Copy exactly the lines starting at the one that contains "A fork holding" and running through the end of the material below. Exclude any pictures.

(Provided data)
───

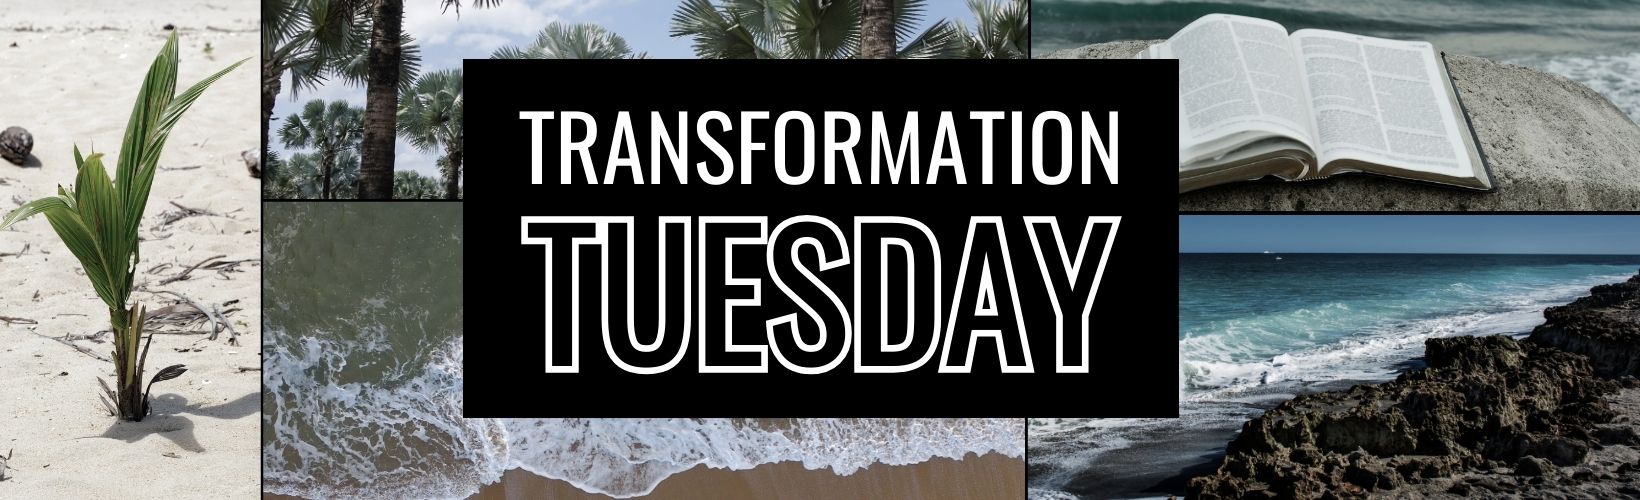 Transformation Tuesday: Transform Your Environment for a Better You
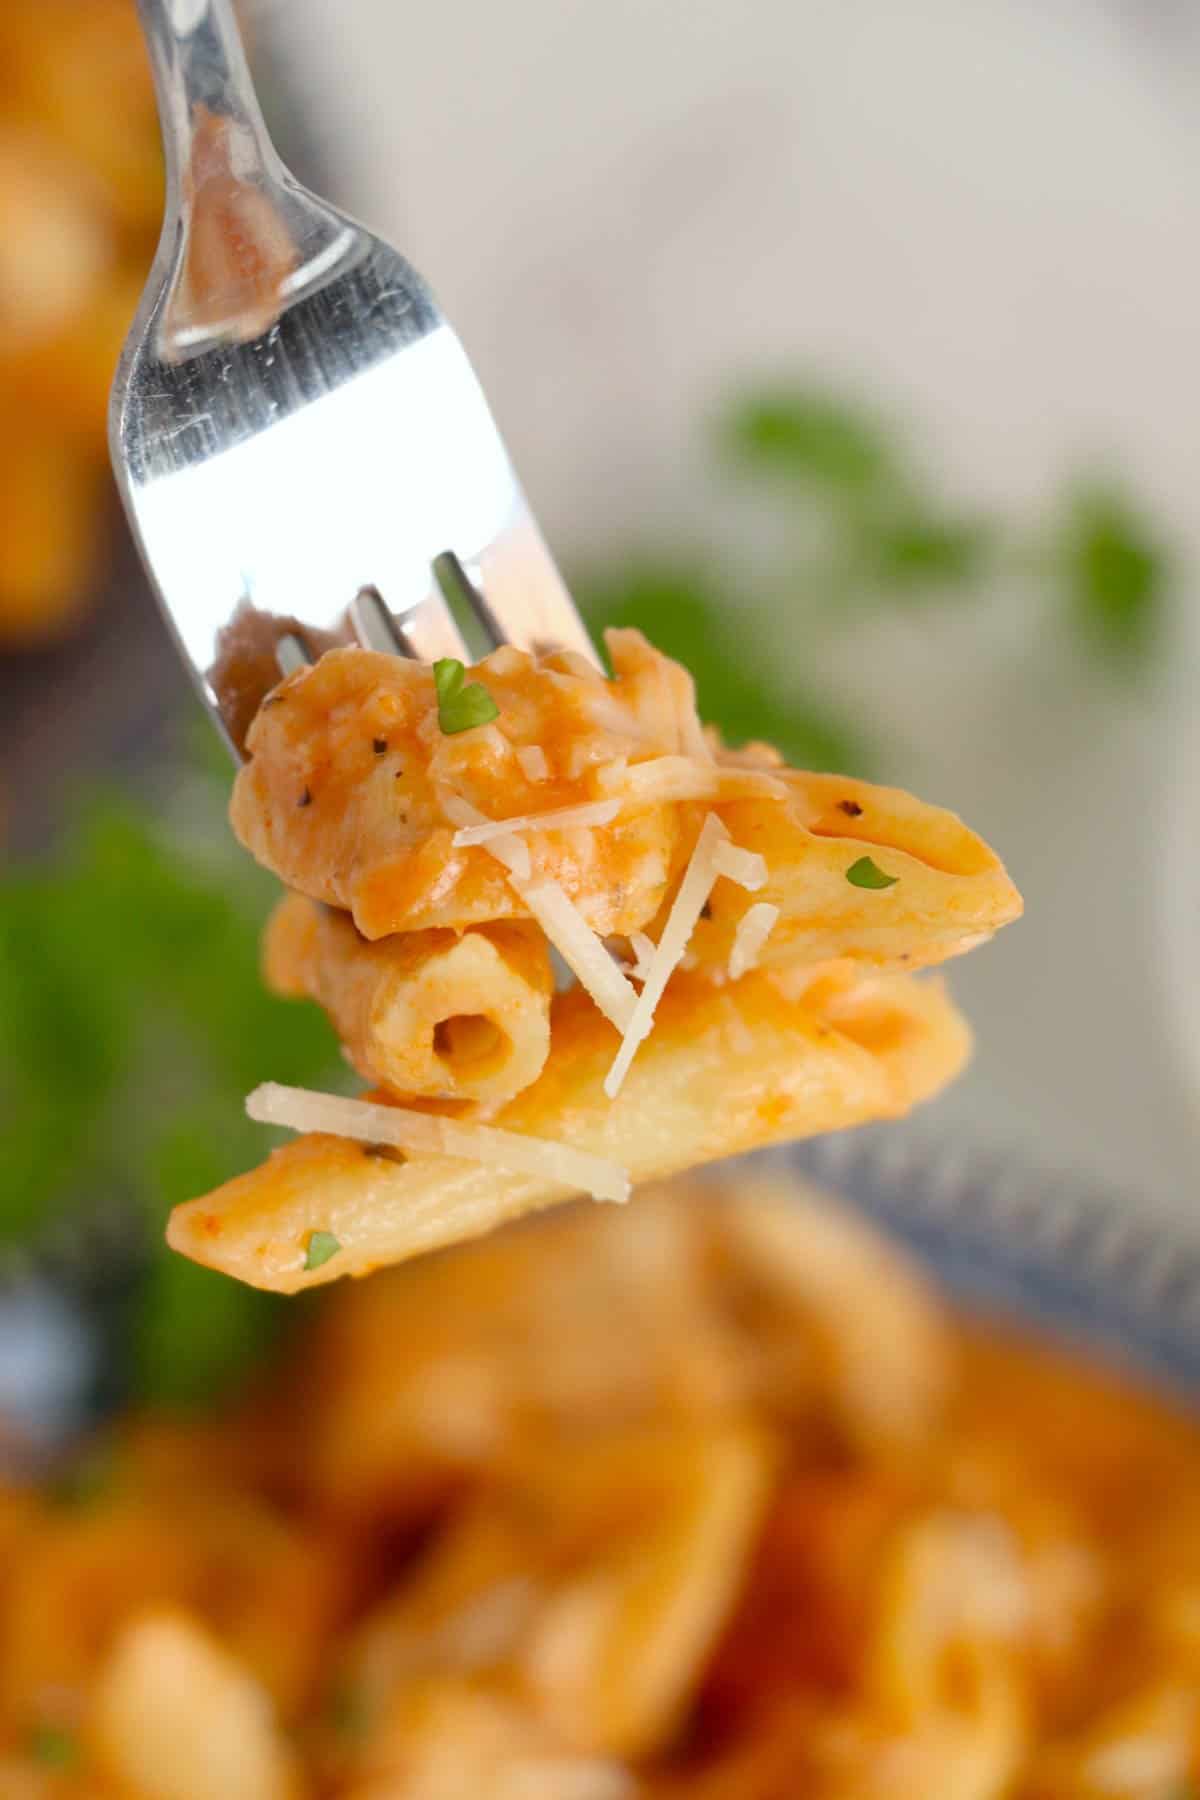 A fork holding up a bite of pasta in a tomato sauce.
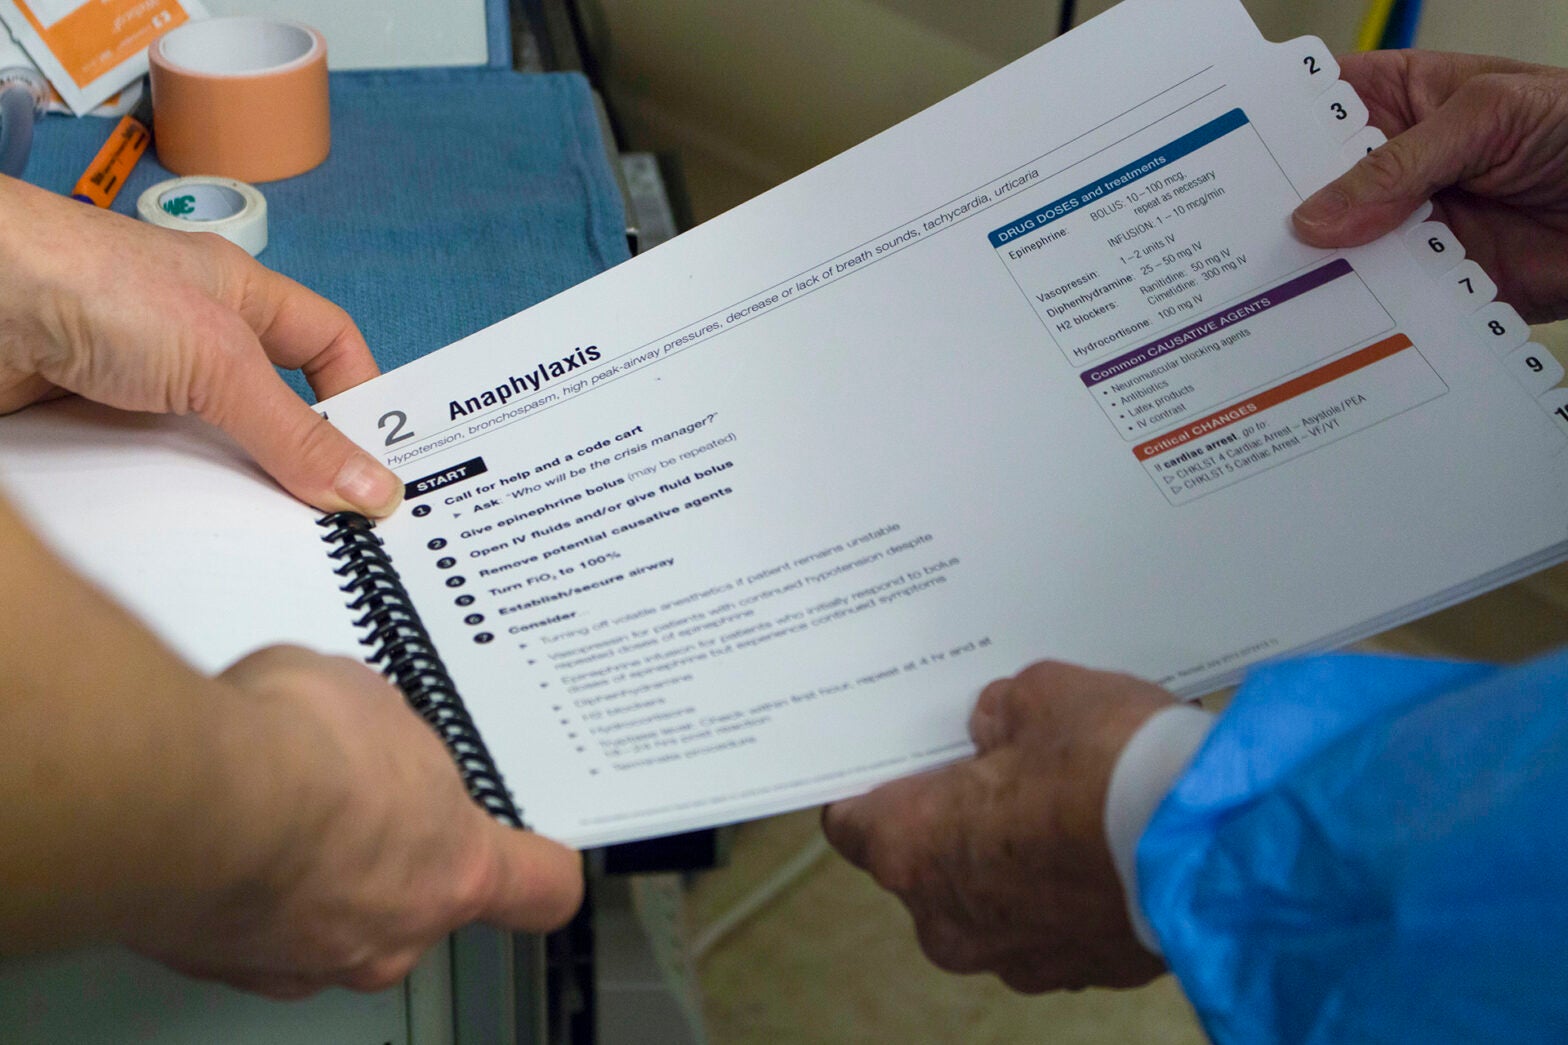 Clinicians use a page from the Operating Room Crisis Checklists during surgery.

───

(Output of the task)
 A fork holding up a bite of pasta in a tomato sauce.
 Clinicians use a page from the Operating Room Crisis Checklists during surgery.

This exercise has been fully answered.